The Mudcat Café TM
Thread #135365   Message #3103262
Posted By: Dorothy Parshall
26-Feb-11 - 06:05 PM
Thread Name: BS: Declutter, Exercise, Diet, February 2011
Subject: RE: BS: Declutter, Exercise, Diet, February 2011
I don't "see" ads - not on the computer or the newspaper or magazines! I have to make an effort to look at them. Talk about wearing blinders!! But it works for me - less clutter on the page.

"To reach for one you can't have your hands full of the other." Good thought, Susan. I will ponder that. In the meantime.... Sometimes those people get in the way of my picking up that which I feel I want/need/ ?? Not because I allow it but because I am not alone in making decisions - reaching for.... Hmmm, because my S.O. has not learned the strategies he needs to go forward without this impedance....?? Sometimes togetherness....
working on it.

I think the term "toxic" may stem from that book about toxic parents. Although I recognize that these people are not "bad people" they do counter-productive and hurtful things and are very capable of getting very much in the way if one has no strategies for avoiding them. If one has been trained from birth to accept their behaviour, it is hard to even see new ways of coping, even when one knows it is harmful to oneself and one's other relationships.

But Jeri, I am not "evil" and I hope I am not toxic to anyone. I realize I also use the word toxic because of environmental toxins - to which I am highly susceptible. A part of the reason I have so much trouble with this toxic person is that I am hyper-sensitive to loud noise to the point that it is physically painful as well as creating a brain dysfunction. Driving a vehicle with this person screaming in the back seat, after having been asked repeatedly to be quiet, reduces me to a quivering mass of protoplasm just as surely as a strong perfume puts my brain into anger mode in seconds. Noise is toxic. So is perfume. So is the person who screams and yells after many explanations of the effect this has. Strategy: He does NOT ride in my vehicle - unless there were an emergency.

A rather large part of my life has to be dedicated to avoiding toxins and de-toxing my body, which absorbs toxins like a sponge. Keeping a home that is as toxin free as possible means the air cleaners working, not bringing in toxic materials, insisting S.O. leave outer clothes outside of BR - because he works with dusts and other products of a toxic nature almost daily. It gets in his hair and beard so he often has to wash them before bedtime. He is so used to the dirt, he doesn't notice it. One might say that I clutter his life with my needs for a clean environment.

I tend to meet each day with queries: What must be done today?
    What is the best thing I can do today to make things better? or What do I FEEL like doing today that will improve things?

Since brekkie, I have laundered ALL the bedding, including two quilts - one is drying over the ladder back chairs in the K to avoid more dryer use. Come warm weather I want a clothes line or outdoor drying rack. I sorted out a double batch of chili, made yesterday, into potluck and storage - in yogurt containers (5 large) in freezer.

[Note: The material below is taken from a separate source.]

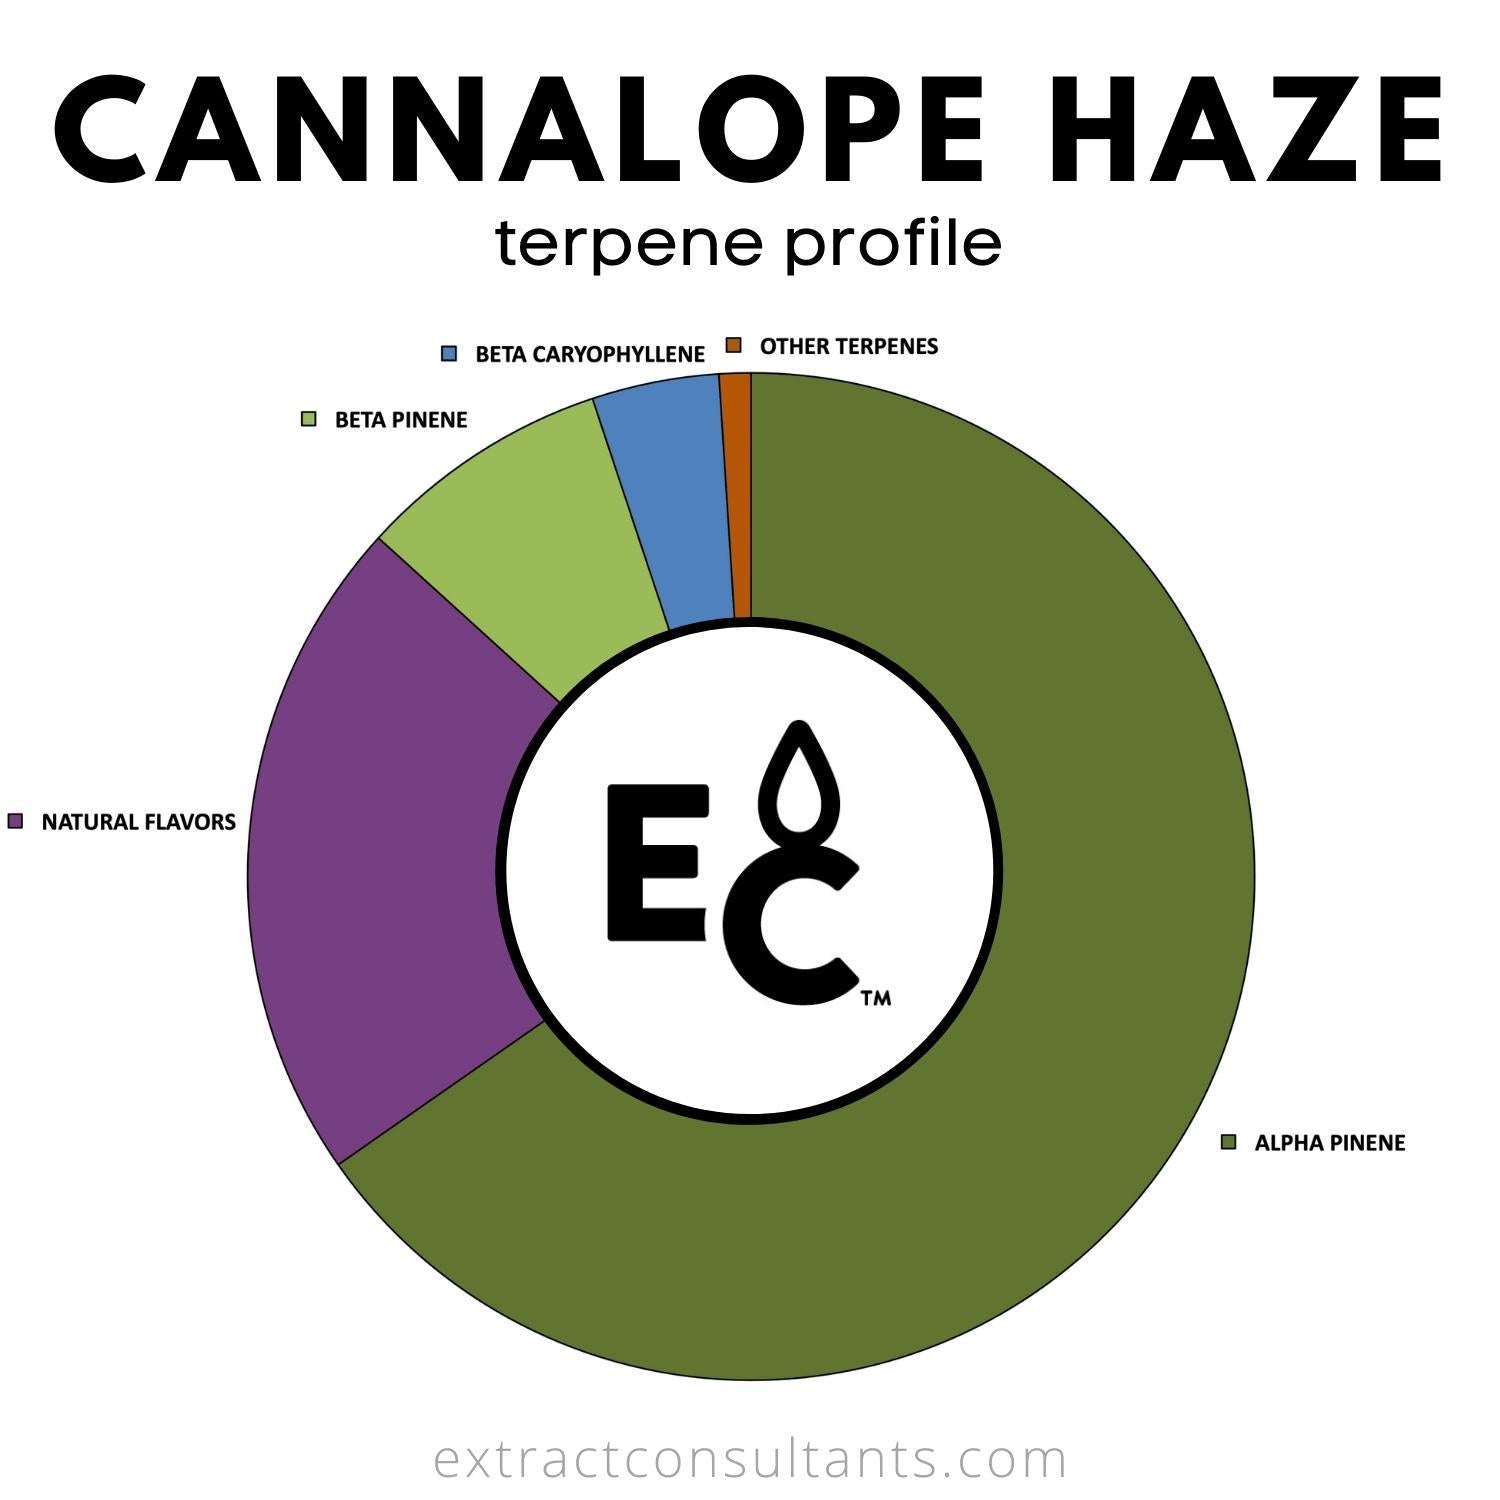 Cannalope Haze terpene profile chart

I made about three dozen turkeyballs - mixed the 3 lbs ground turkey with onion.garlic, sage, parsley and cayenne and two eggs, flatted the lot on the cookie sheet. cut it into small pieces, rounded them up a bit and broiled them, turning once. When cool, they will go in frig and then freezer to be used a half dozen at a time.

Thurs, at the Maxi, I found a treasure trove of organic cornmeal muffin mix at 50% and bought all ten. Would you believe, SRS, There is NO cornmeal in Quebec stores! At least not any of the big ones. I really wanted corn bread to go with my chili so...

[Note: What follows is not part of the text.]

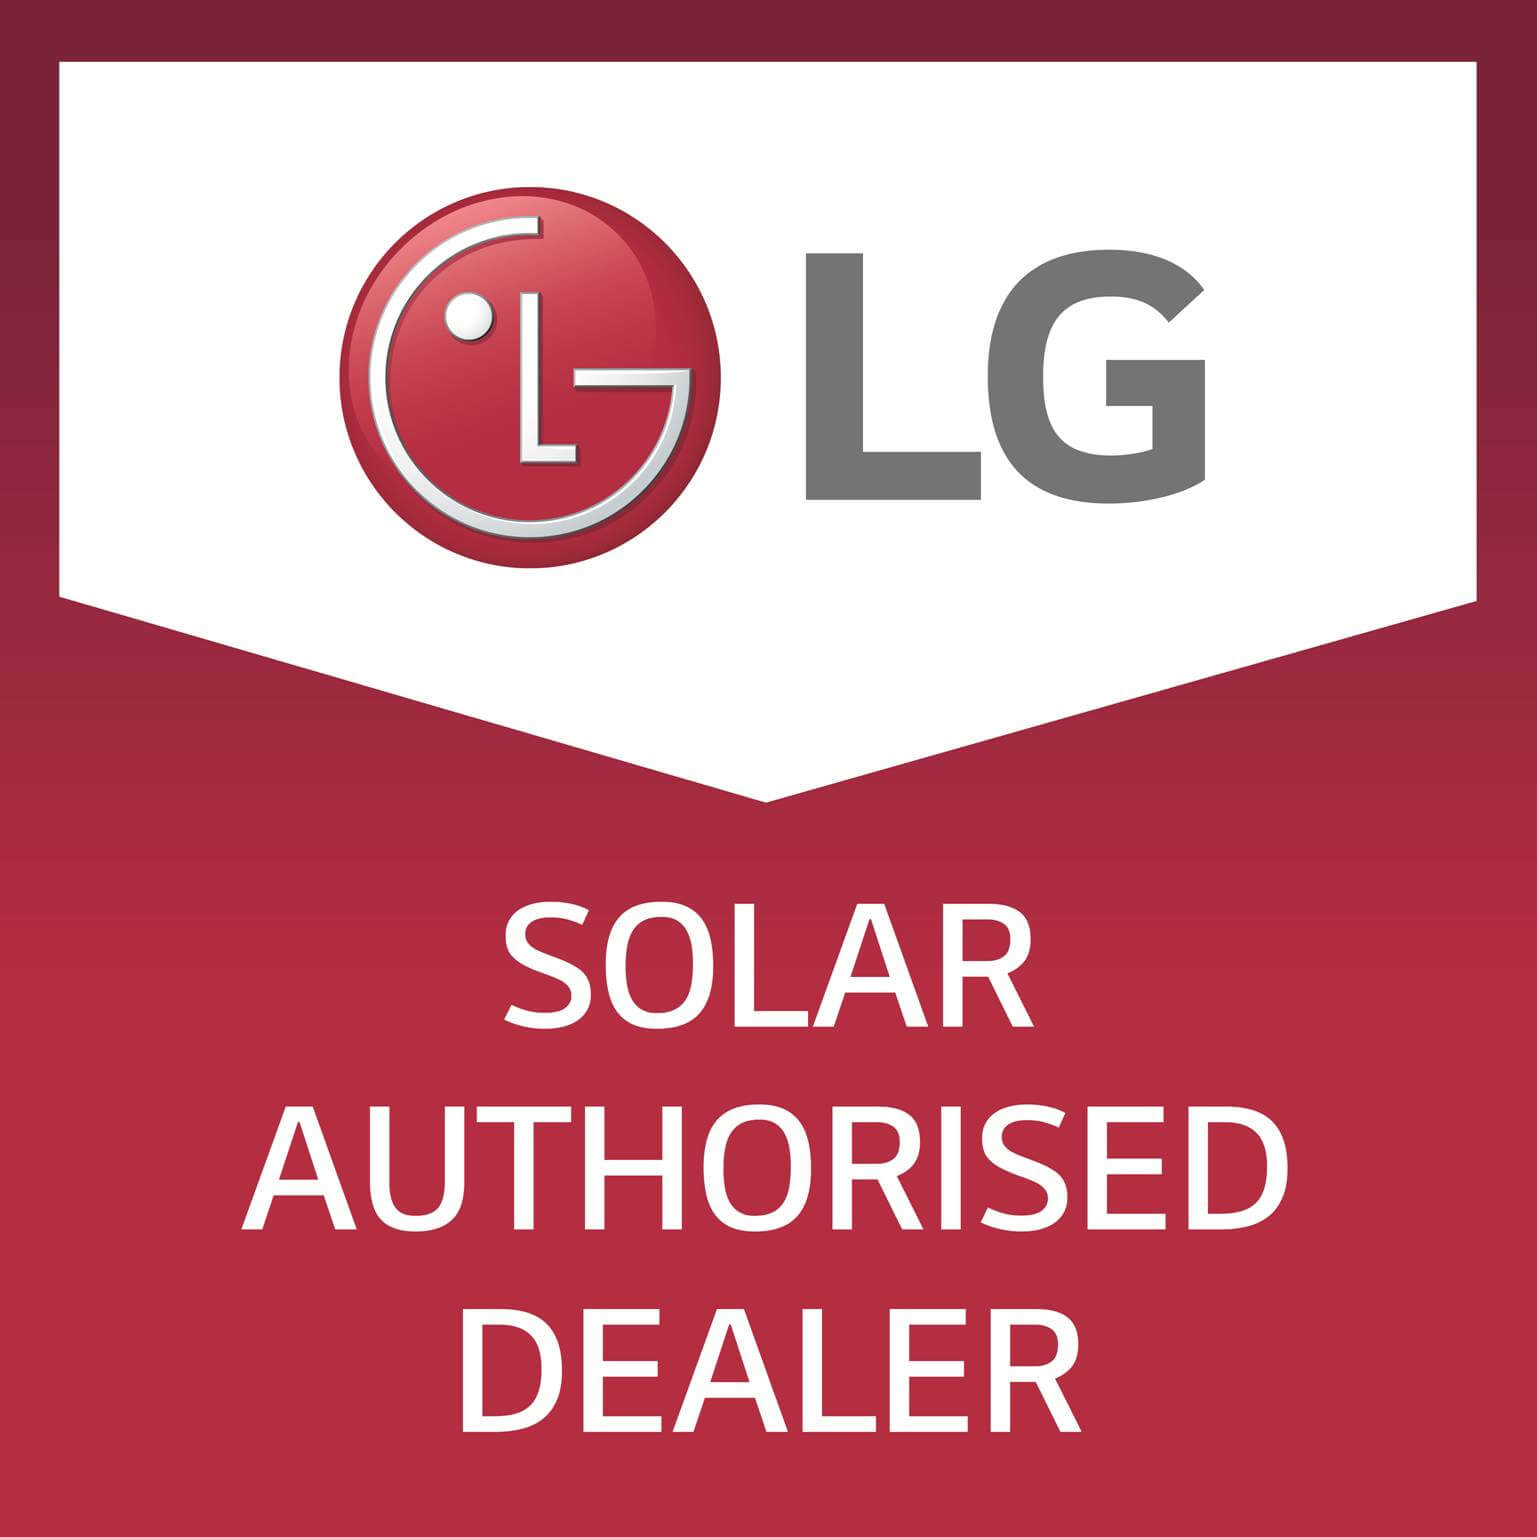 lg authorised dealer logo

But yesterday, the bottom element in the oven broke, literally! I did not even touch it. Rob may or may not bring home another one. He took the old one with him. Nope, I phoned him and the element store was closed; no cornbread tomorrow unless I can make it in the microwave? Hmmm...

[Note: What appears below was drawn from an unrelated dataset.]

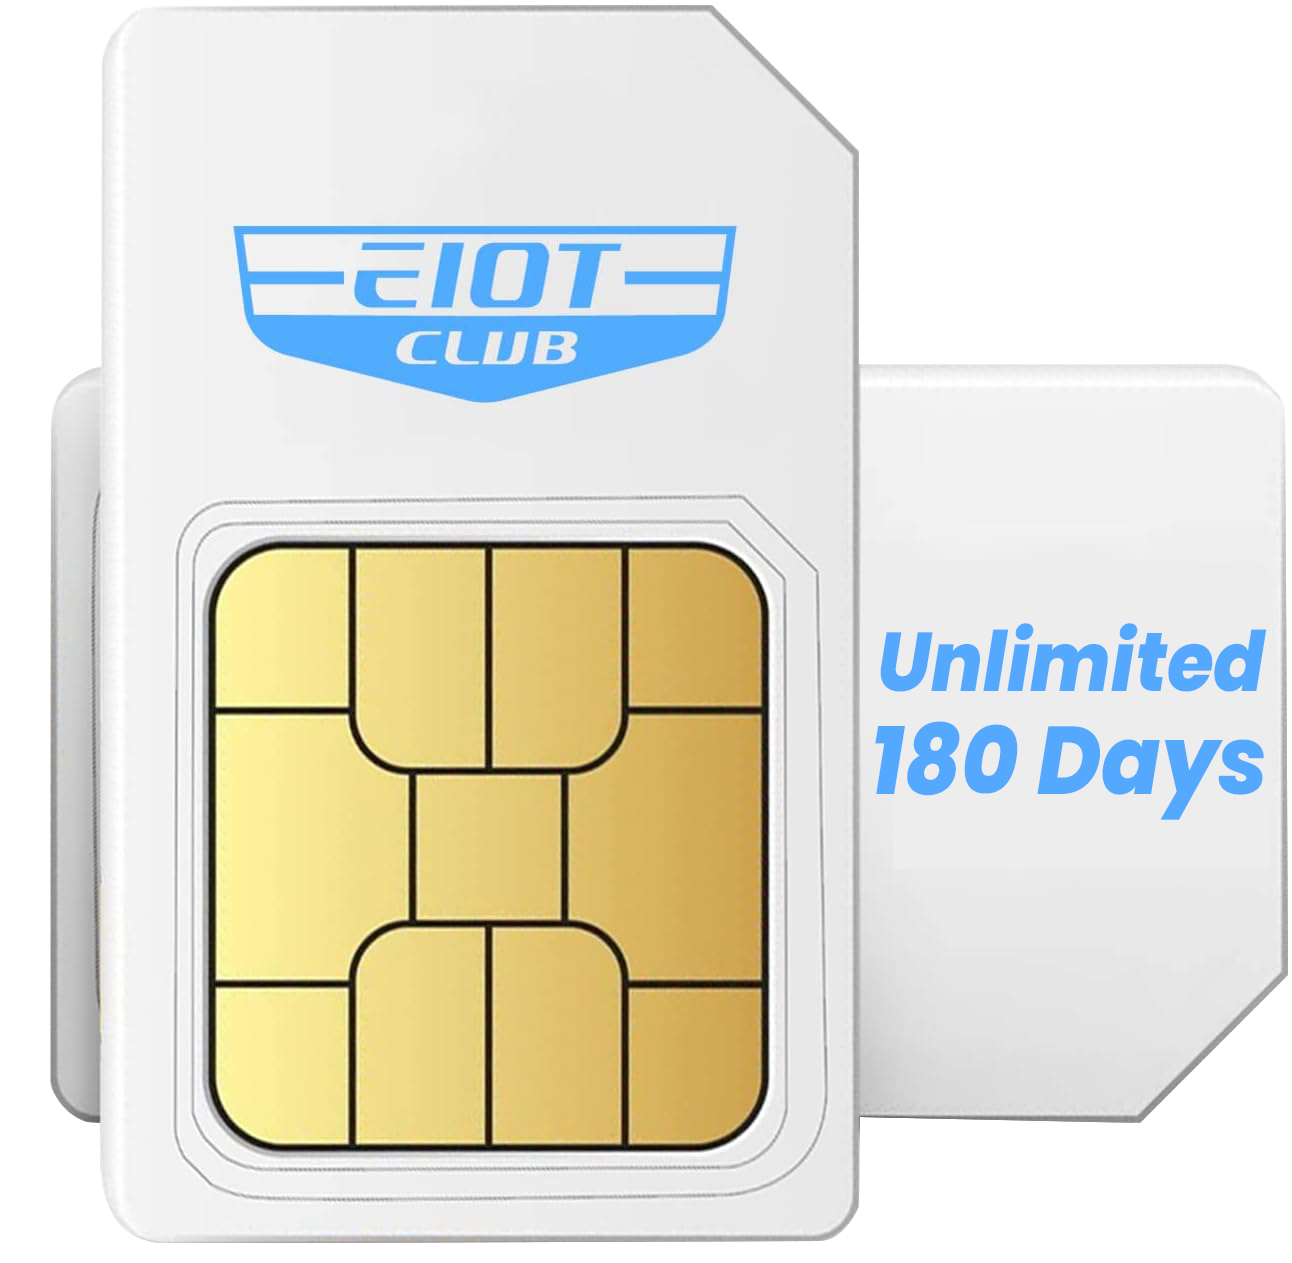 UBox EIOTCLUB SIM card data (EU only) - 6 month Unlimited data

OK, I joined a raccoon rescue group on line and that sent me to something called Goodreads which I also joined. Then I sat here wondering if I have time for this. Well, I will only give it as much as I feel able. I now need to complete my own raccoon story to send to the reporter and a couple other interested people. That is priority one - the next "most important thing" but I have to FEEL ready for it, hopefully today or tomorrow. I still have not heard from the Montreal rescue group which is bothersome as I would like its input for the newspaper.